#### [Problem statement]
Write out the listing below in full and exactly, leaving out every picture.
═══ Supplied data ═══
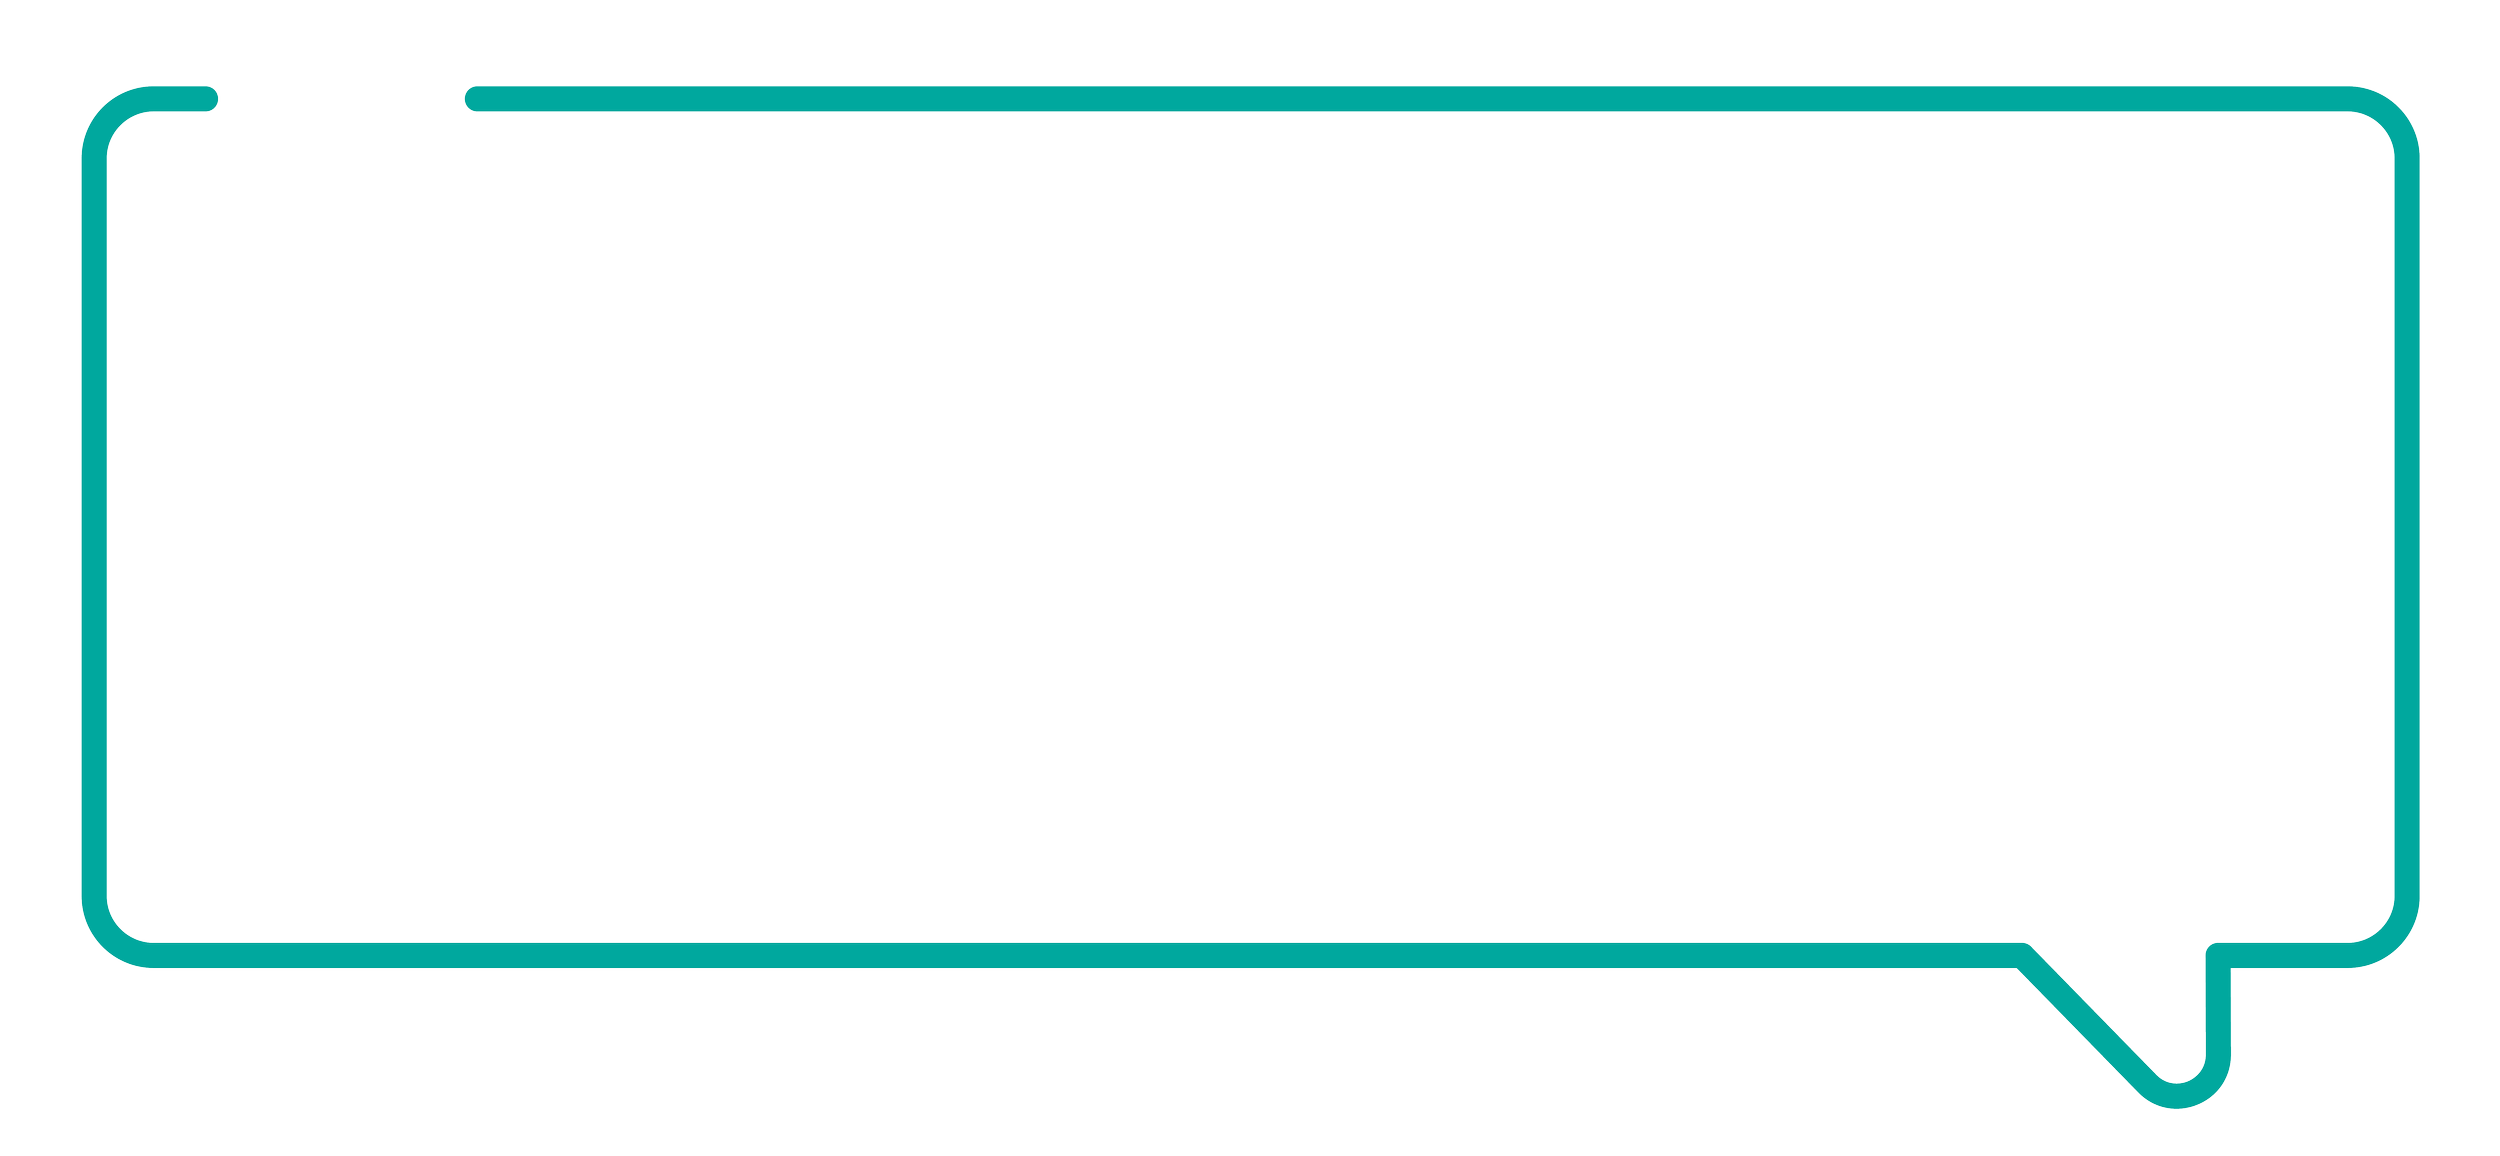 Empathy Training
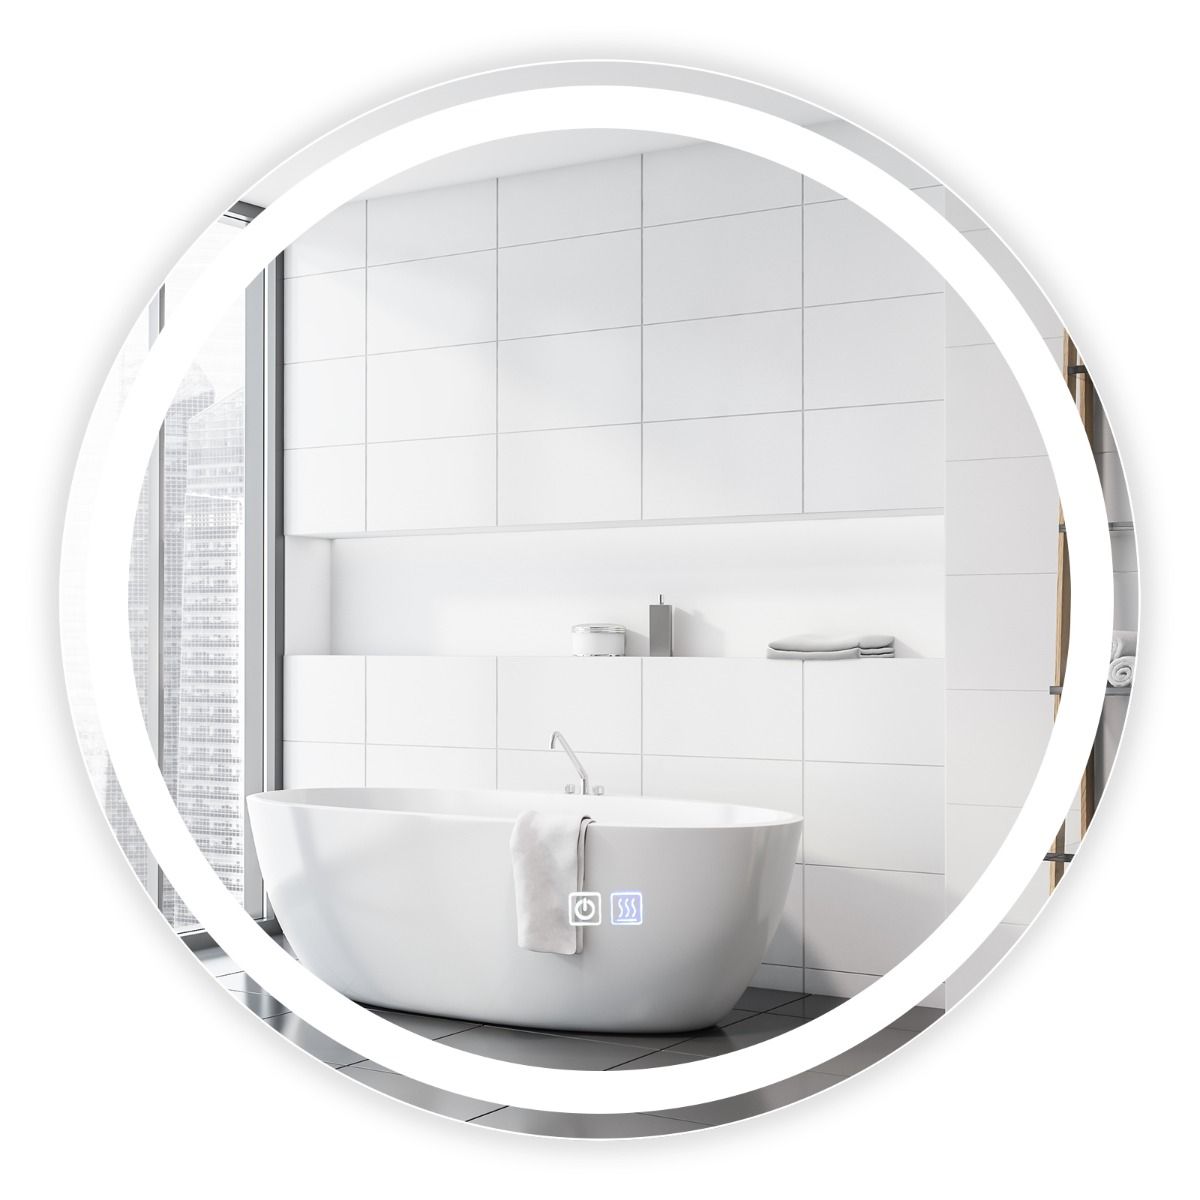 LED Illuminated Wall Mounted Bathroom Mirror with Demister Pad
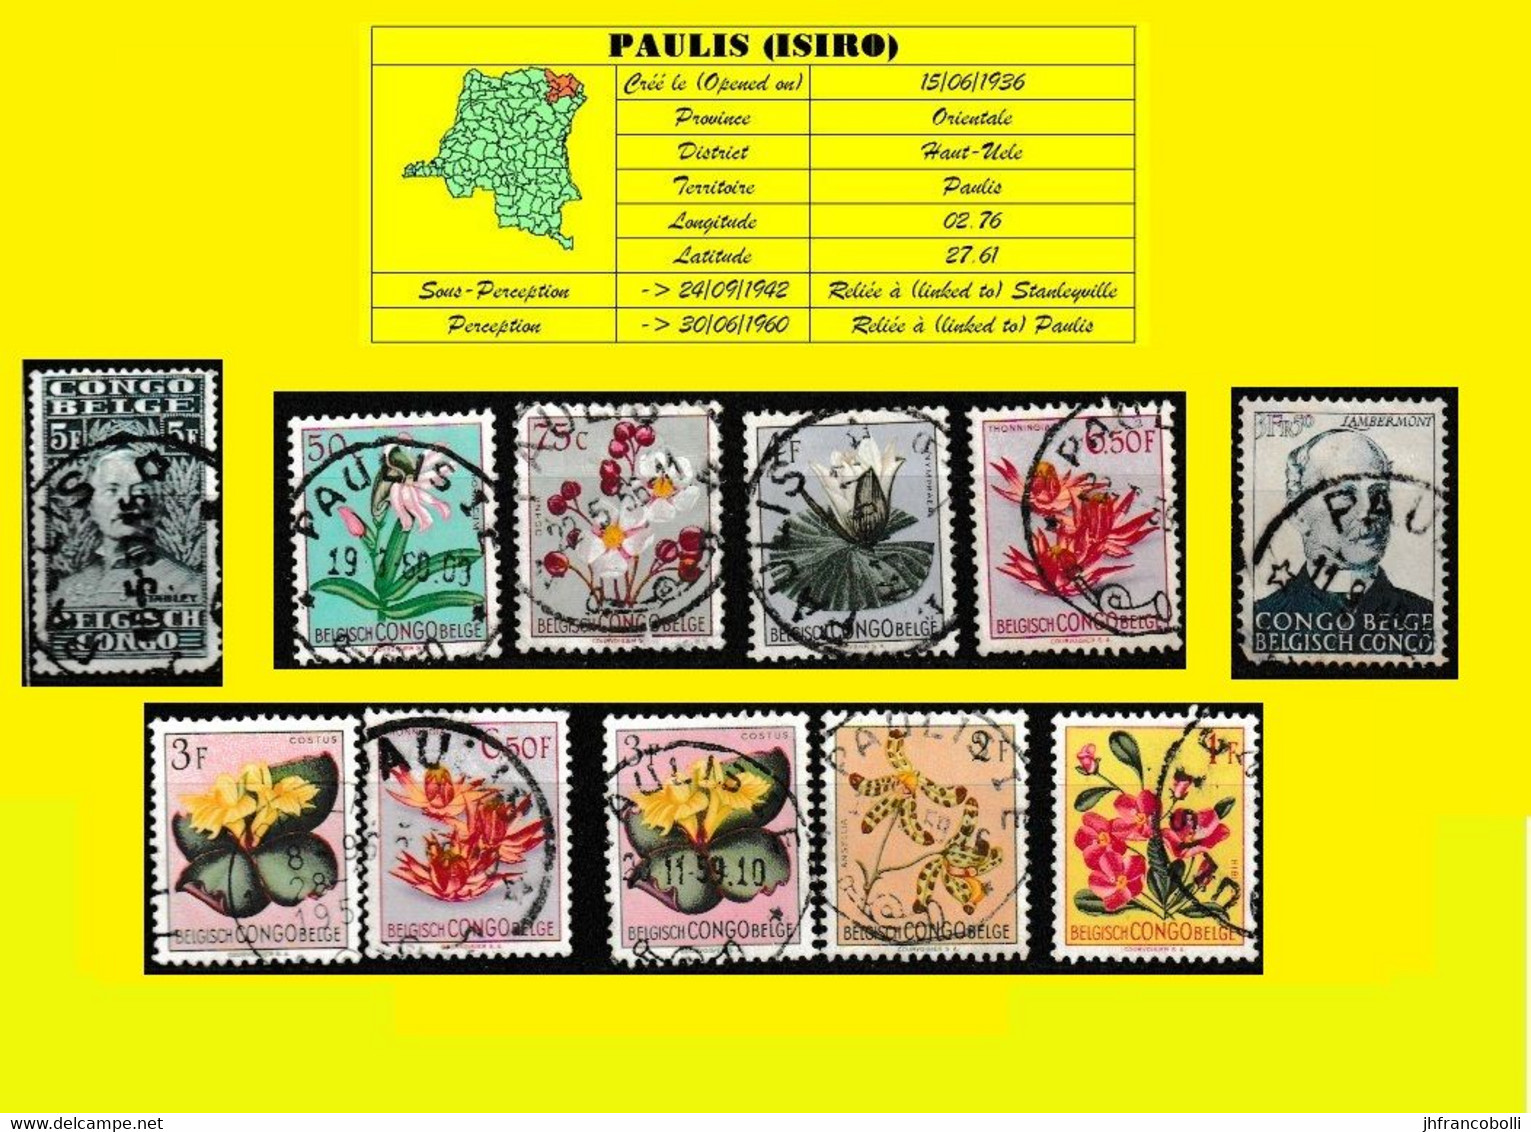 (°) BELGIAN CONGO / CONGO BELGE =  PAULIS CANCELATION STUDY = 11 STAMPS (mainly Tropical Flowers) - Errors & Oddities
═══
#### [Result]
 Empathy Training
 LED Illuminated Wall Mounted Bathroom Mirror with Demister Pad
 (°) BELGIAN CONGO / CONGO BELGE =  PAULIS CANCELATION STUDY = 11 STAMPS (mainly Tropical Flowers) - Errors & Oddities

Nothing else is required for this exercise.